Why Do So Many Audiophiles Reject Blind Testing Of Audio Components?


Because it was scientifically proven to be useless more than 60 years ago.

A speech scientist by the name of Irwin Pollack have conducted an experiment in the early 1950s. In a blind ABX listening test, he asked people to distinguish minimal pairs of consonants (like “r” and “l”, or “t” and “p”).

He found out that listeners had no problem telling these consonants apart when they were played back immediately one after the other. But as he increased the pause between the playbacks, the listener’s ability to distinguish between them diminished. Once the time separating the sounds exceeded 10-15 milliseconds (approximately 1/100th of a second), people had a really hard time telling obviously different sounds apart. Their answers became statistically no better than a random guess.

If you are interested in the science of these things, here’s a nice summary:

Categorical and noncategorical modes of speech perception along the voicing continuum

Since then, the experiment was repeated many times (last major update in 2000, Reliability of a dichotic consonant-vowel pairs task using an ABX procedure.)

So reliably recognizing the difference between similar sounds in an ABX environment is impossible. 15ms playback gap, and the listener’s guess becomes no better than random. This happens because humans don't have any meaningful waveform memory. We cannot exactly recall the sound itself, and rely on various mental models for comparison. It takes time and effort to develop these models, thus making us really bad at playing "spot the sonic difference right now and here" game.

Also, please note that the experimenters were using the sounds of speech. Human ears have significantly better resolution and discrimination in the speech spectrum. If a comparison method is not working well with speech, it would not work at all with music.

So the “double blind testing” crowd is worshiping an ABX protocol that was scientifically proven more than 60 years ago to be completely unsuitable for telling similar sounds apart. And they insist all the other methods are “unscientific.”

The irony seems to be lost on them.

Why do so many audiophiles reject blind testing of audio components? - Quora
128x128artemus_5
Its got everything you need and it measures well :)

Indeed ! Yes indeed !


Cheers
They were all monkeys with a hammer trying to fix a helicopter.
Gosh its raining great lines.....that being said the clouds are parting and the sun is coming out....though, if history is any indicator, bad weather will be here again in short order.

Cheers
^^^miilercarbon

i was in the presence of a true master race mechanic from a Japanese manufacturer with decades of experience.

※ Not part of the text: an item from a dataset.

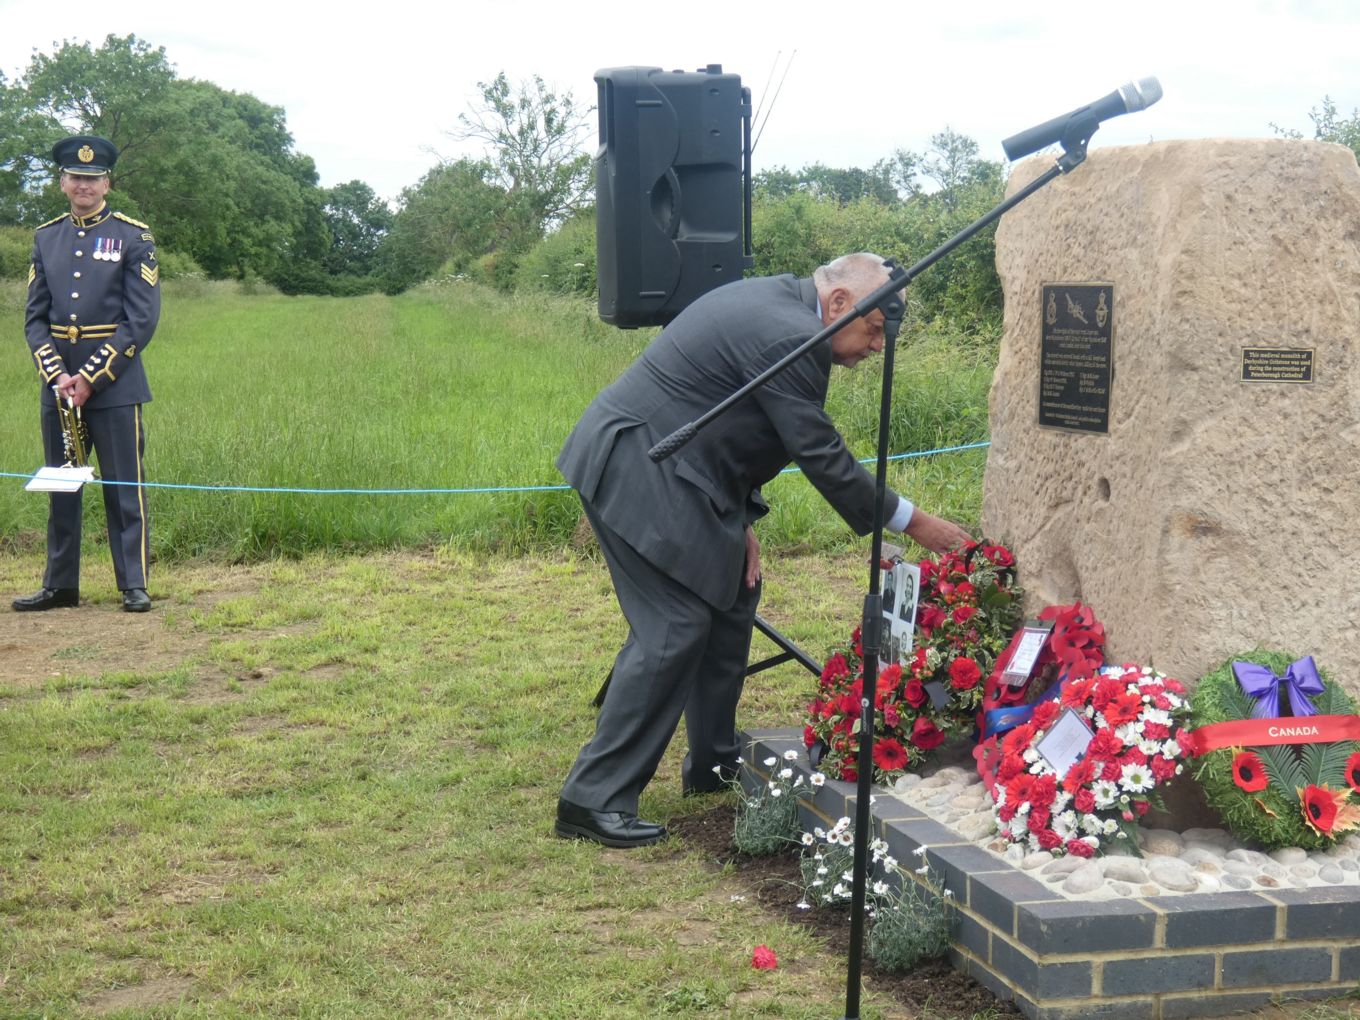 Mr Lindsay Alvis laying a wreath at the memorial. Microphone and speakers in shot too.

He taught my colleague how adjust the valve clearance on a particular engine. Simply spacing the intake valve tight to the gauge, and the exhaust a little loose gave a 30hp boost in output.

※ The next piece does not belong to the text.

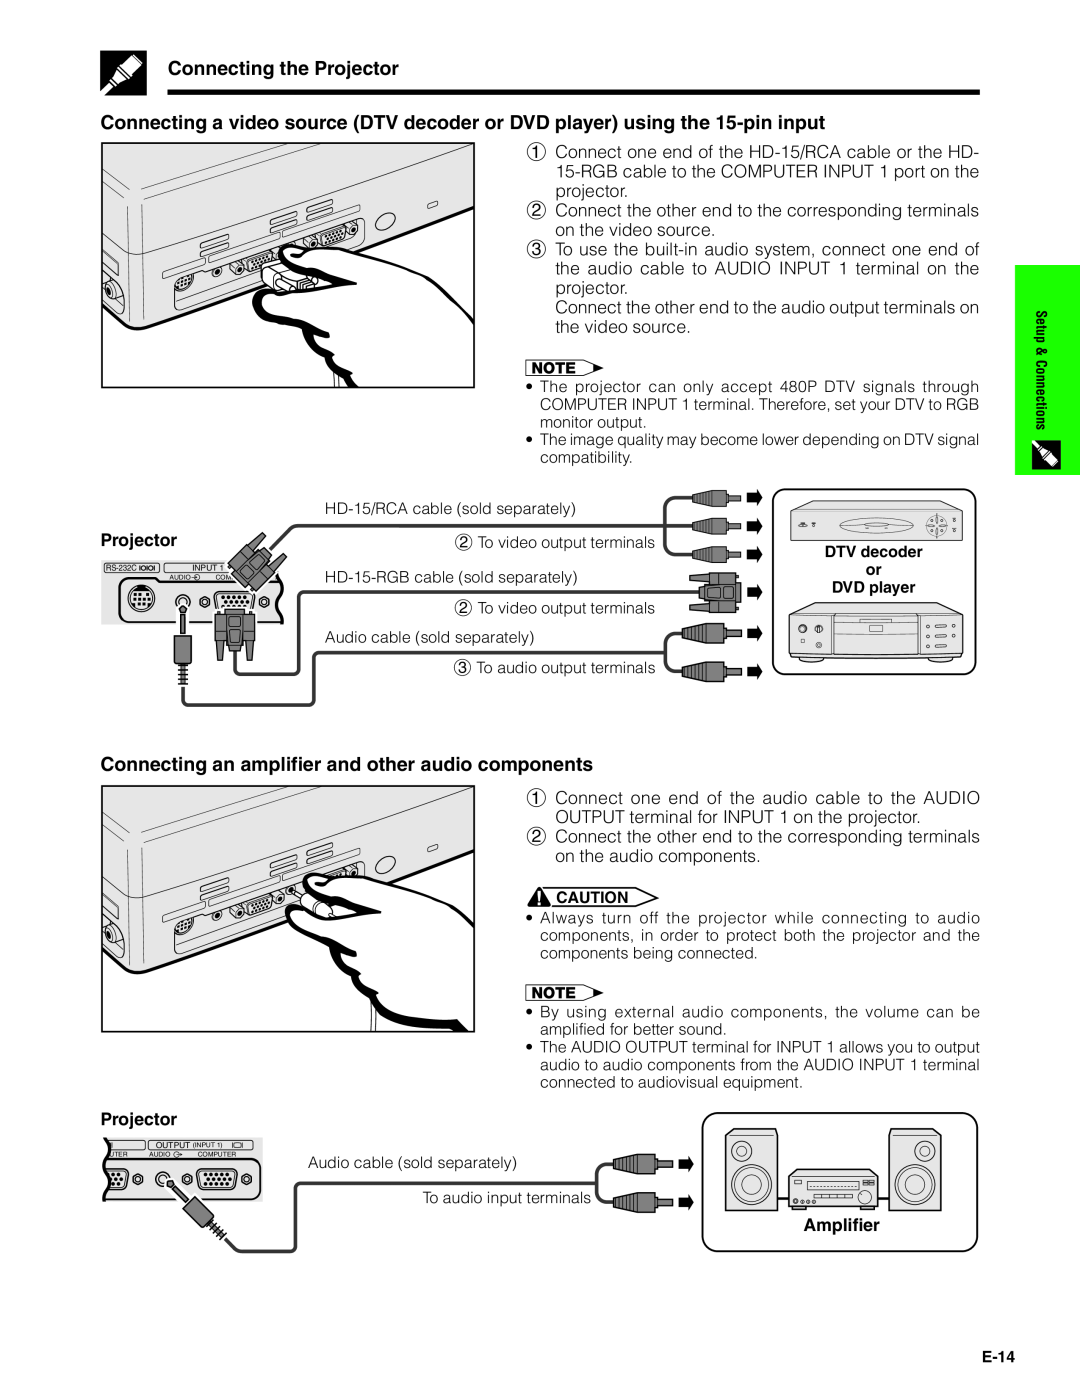 Sharp PG-C20XU operation manual Connecting the Projector, Connecting an amplifier and other audio components, Amplifier

you dont learn stuff like that from testing nerds. You get it in the field trying, failing and learning.


The one you mention, wretch2, not only should all his posts be removed but then he should be suspended. For a start. And this is from a guy who abhors censorship. But if the whole point of a forum is to exchange ideas to help people find what they need to build a better system, how can you do this with people clogging it up with nothing but blather, and worse? You can't. So they need to go.

The wretch is not being censored. There are no end of sites he can blather to his hearts content. Just not here.
Uh, folks breaking news: double blind IS a form of listening and learning. So it sounds like everyone agrees that is a good thing, but of course there is a place and time for everything.

Right?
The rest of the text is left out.